Background and Purpose- Nonagenarians represent a growing stroke population characterized by a higher frailty. Although endovascular therapy (ET) is a cornerstone of the management of acute ischemic stroke related to large vessel occlusion, the benefit of reperfusion among nonagenarians is poorly documented. We aimed to assess the impact of ET-related reperfusion on the functional outcome of reperfusion in this elderly population. Methods- A retrospective analysis of clinical and imaging data from all patients aged over 90 included in the ETIS (Endovascular Treatment in Ischemic Stroke) registry between October 2013 and April 2018 was performed. Association between post-ET reperfusion and favorable (modified Rankin Scale [0-2] or equal to prestroke value) and good (modified Rankin Scale [0-3] or equal to prestroke value) outcome were evaluated. Demographic and procedural predictors of functional outcome, including the first-pass effect, were evaluated. Results were adjusted for center, admission National Institutes of Health Stroke Scale, and use of intravenous thrombolysis. Results- Among the 124 nonagenarians treated with ET, those with successful reperfusion had the lowest 90-day modified Rankin Scale (odds ratio, 3.26; 95% CI, 1.04-10.25). Only patients with successful reperfusion after the first pass (n=53, 56.7%) had a reduced 90-day mortality (odds ratio, 0.15; 95% CI, 0.05-0.45) and an increased rate of good outcome (odds ratio, 4.55; 95% CI, 1.38-15.03). No increase in the rate of intracranial hemorrhage was observed among patients successfully reperfused. Conclusions- Successful reperfusion improves the functional outcome of nonagenarians who should not be excluded from ET. The first-pass effect should be considered in the procedural management of this frail population.

摘要

背景与目的- 90 岁以上的患者是一个不断增长的卒中人群,其衰弱程度更高。尽管血管内治疗(ET)是治疗与大血管闭塞相关的急性缺血性卒中的基石,但关于 90 岁以上患者再灌注获益的证据有限。本研究旨在评估 ET 相关再灌注对该老年人群再灌注功能结局的影响。方法- 对 2013 年 10 月至 2018 年 4 月期间纳入 ETIS(血管内治疗缺血性卒中)登记研究的所有 90 岁以上患者的临床和影像学数据进行回顾性分析。
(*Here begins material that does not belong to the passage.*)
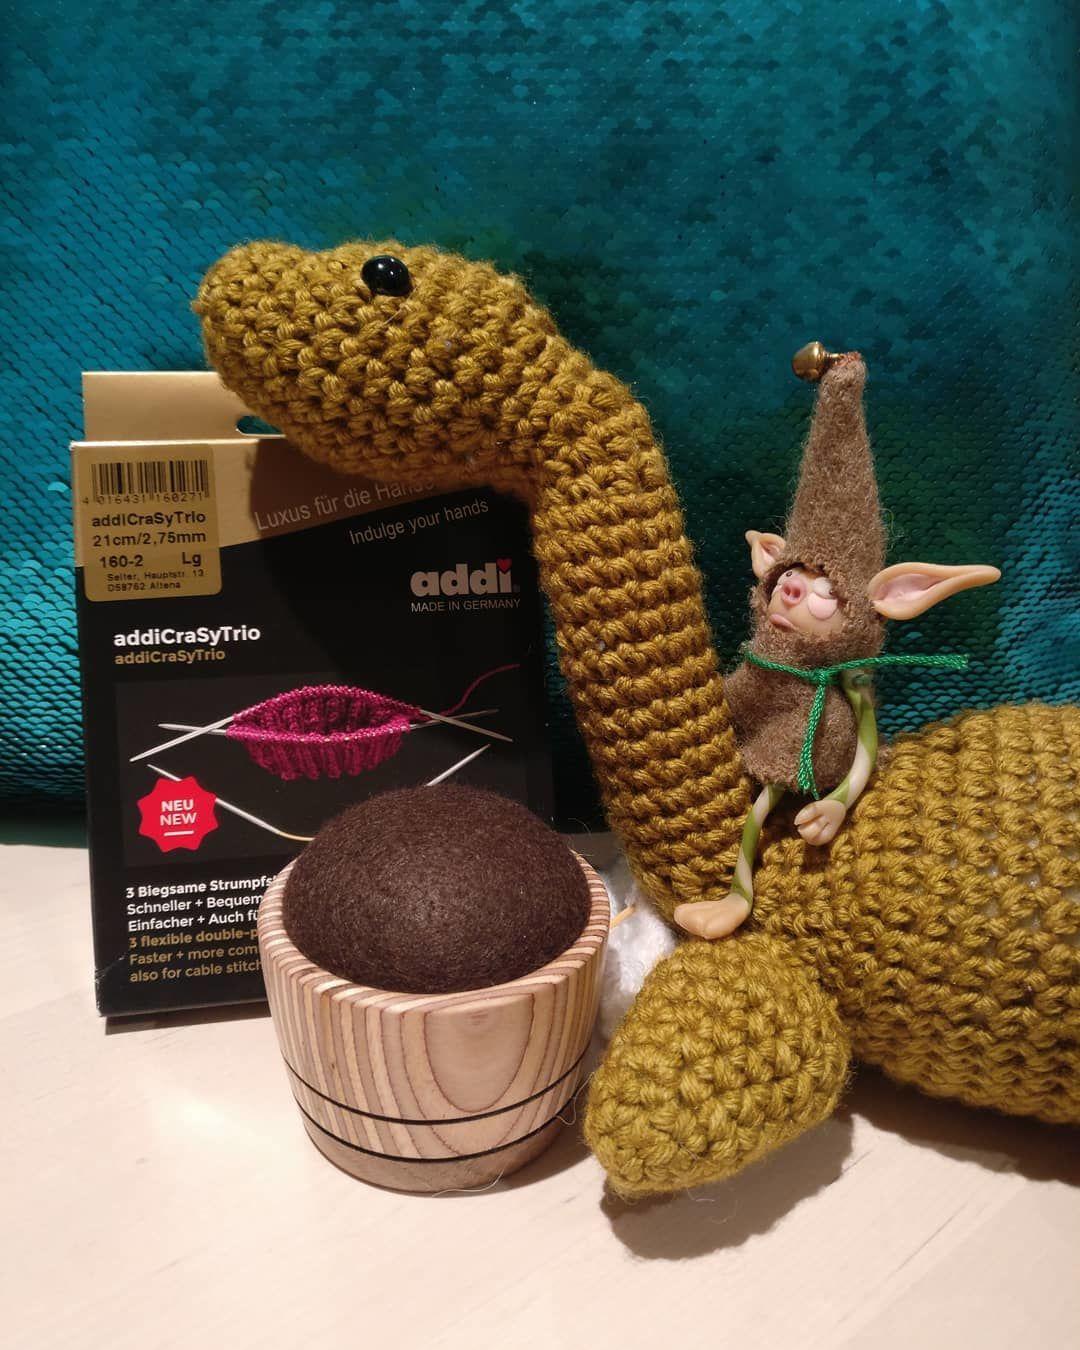 Вязальщики со всего мира в гостях у Лох-Несского чудовища: фестиваль Loch Ness Knit 2018 глазами гостей

评估 ET 后再灌注与良好(改良 Rankin 量表评分[0-2]或等于基线水平)和优效(改良 Rankin 量表评分[0-3]或等于基线水平)结局的相关性。评估功能结局的预测因素,包括首通效应。结果调整了中心、入院时国立卫生研究院卒中量表评分和静脉溶栓的使用。结果- 在 124 例接受 ET 治疗的 90 岁以上患者中,成功再灌注患者的 90 天改良 Rankin 量表评分最低(比值比,3.26;95%可信区间,1.04-10.25)。只有首次通过后成功再灌注的患者(n=53,56.7%),90 天死亡率降低(比值比,0.15;95%可信区间,0.05-0.45),良好结局发生率增加(比值比,4.55;95%可信区间,1.38-15.03)。成功再灌注患者的颅内出血发生率没有增加。结论- 成功再灌注可改善 90 岁以上患者的功能结局,不应将其排除在 ET 治疗之外。在该脆弱人群的治疗管理中应考虑首通效应。